Here's an ER diagram for the WMDB, using dbdiagram.io. Here's the direct link to WMDB diagram

You can see each box represents an entity. The box gives the name of the entity and a list of its attributes (fields, columns) and their datatypes. You also see lines connecting the boxes. Those lines represent relationships between the entities.

Let's first talk about the entities (boxes) and then the relationships (lines).

The person box represents, of course, that entity. In the database, it'll be stored as a table. Notice that the nm field is bold. That's because it's the primary key of the table.

The movie box is similar. It has different fields, of course, but the first field, tt is bold, because it's the primary key.

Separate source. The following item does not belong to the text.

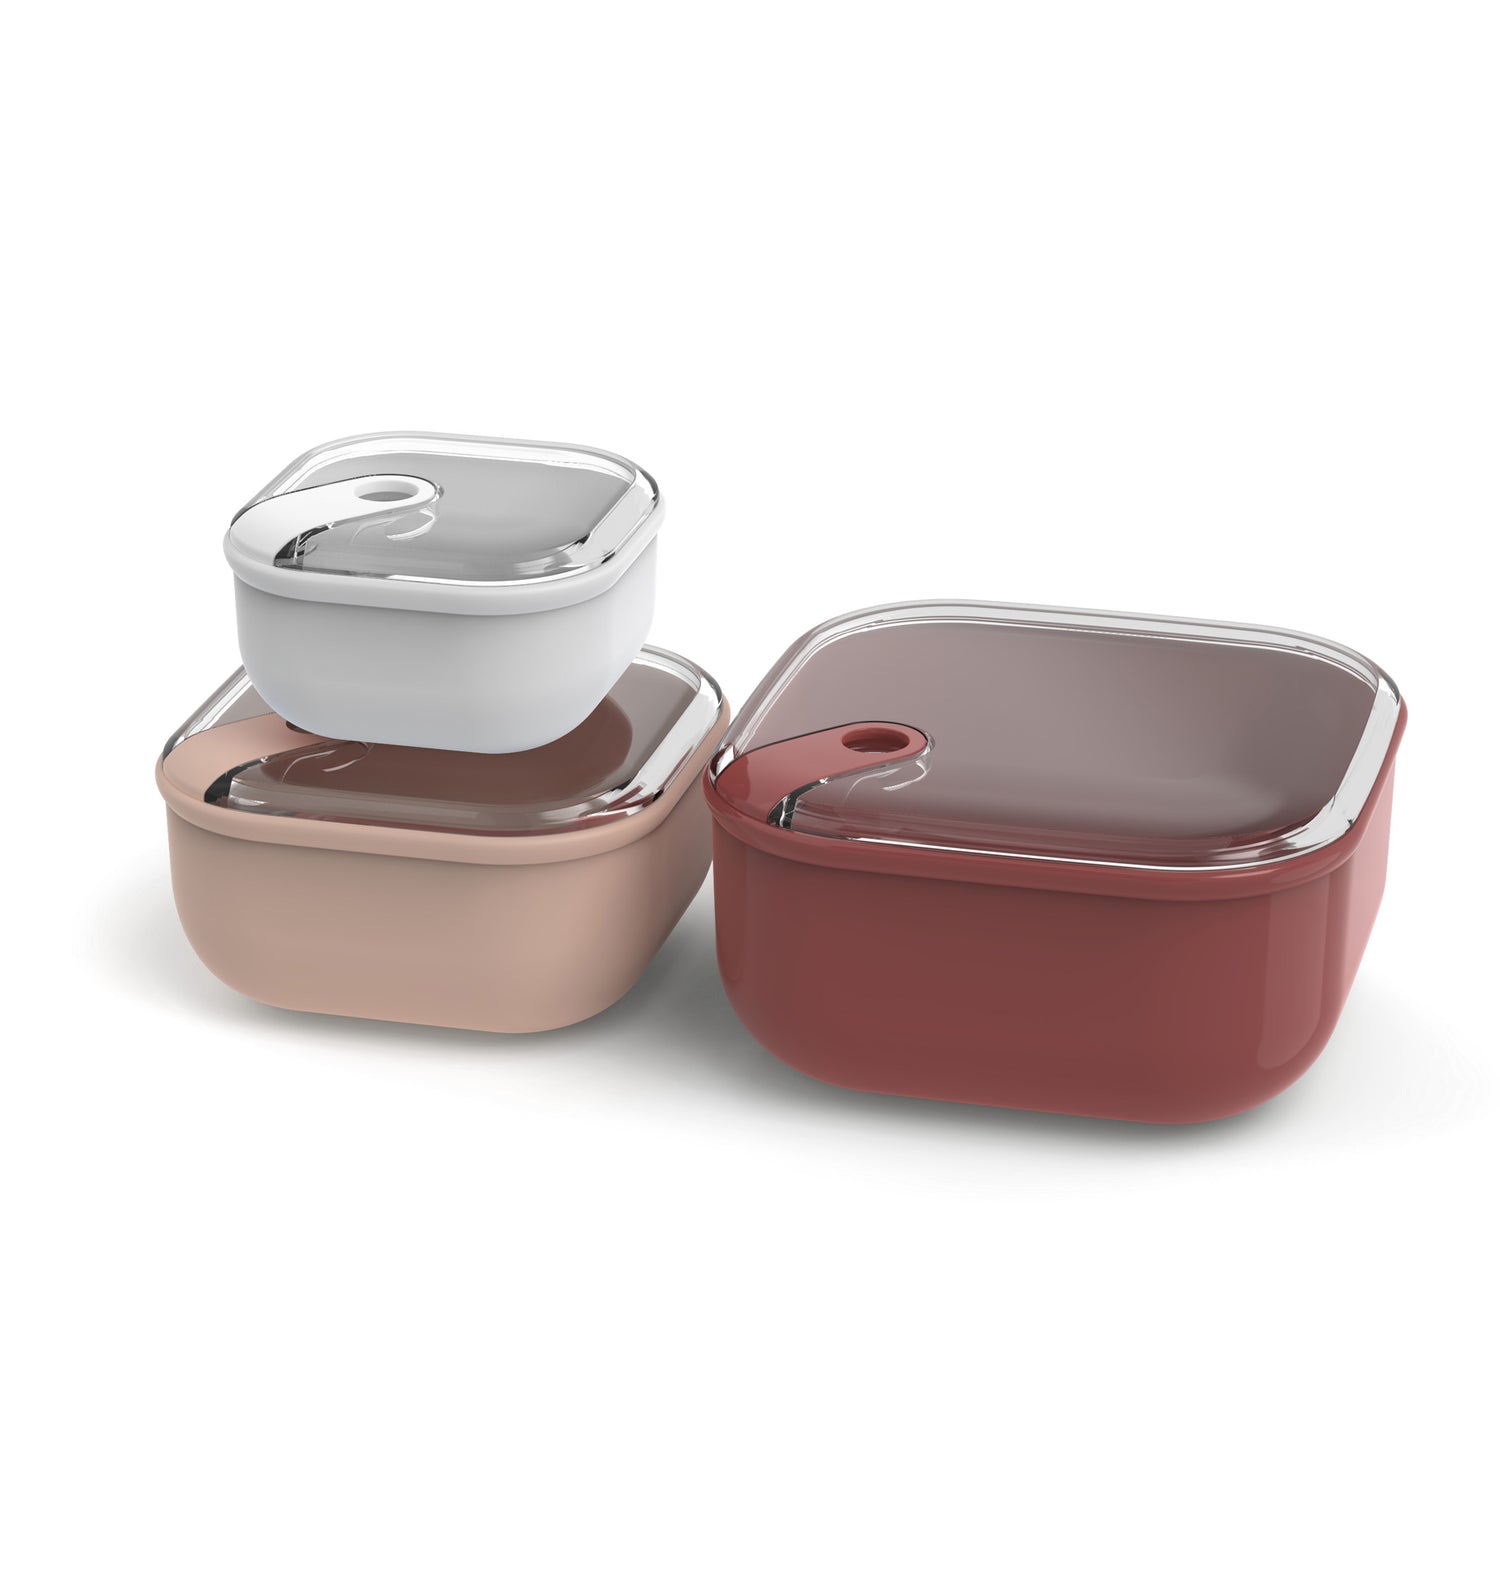 Set of 3 freshness containers ELA

Now let's turn to one of the lines.

There is a line connecting the director field of the movie entity with the nm field of the person entity. That means that the values of the director field will be nm values. For example, if there's a movie where the director field is 17, that means that 17 is the nm (the id) of some person, and the person with that nm directed that movie. Thus, the line represents the "directs" relationship between movies and people.

There's more information in the diagram for that line. At the director end of the line, there's an asterisk, while at the nm end, there's the number 1. That means this is a one-to-many relationship: a person can direct many movies, but a movie only has 1 director.

This representation takes some getting used to: we sometimes think of a star (asterisk) as meaning "many", and it does, but here it does not mean that a movie has many directors. Instead it means that the person-movie relationship is 1-many, with the 1 at the "person" end and the many ("*") at the "movie" end.

Take some time to review the picture. You'll notice that all of our relationships are 1-many. That's actually very common. Later, we'll learn about 1-1 and many-many relationships.

I hope you'll agree that the diagram is helpful and easier to read and understand than the SQL code.

Terminology Pedantry¶

We've talked a lot about entities and relationships. "Oppenheimer" is an entity and so is Barbie, and they are both in the Movie table, which is an entity set. That's the traditional terminology. So the boxes above are entity sets.

It's also traditional to use singular words for the names of the sets. That often makes queries easier to read:

-- movies directed by people born in 1961
select name, title 
from person inner join movie on (person.nm = movie.director)
where year(person.birthdate) = 1961;
...

because the where clause is talking about a single person not multiple people.

Similarly, the connection between Greta Gerwig and Barbie is a relationship (Greta Gerwig directed "Barbie"). Also, Christopher Nolan directed "Oppenheimer"; that's another relationship. So the line between People and Movie represents a relationships set.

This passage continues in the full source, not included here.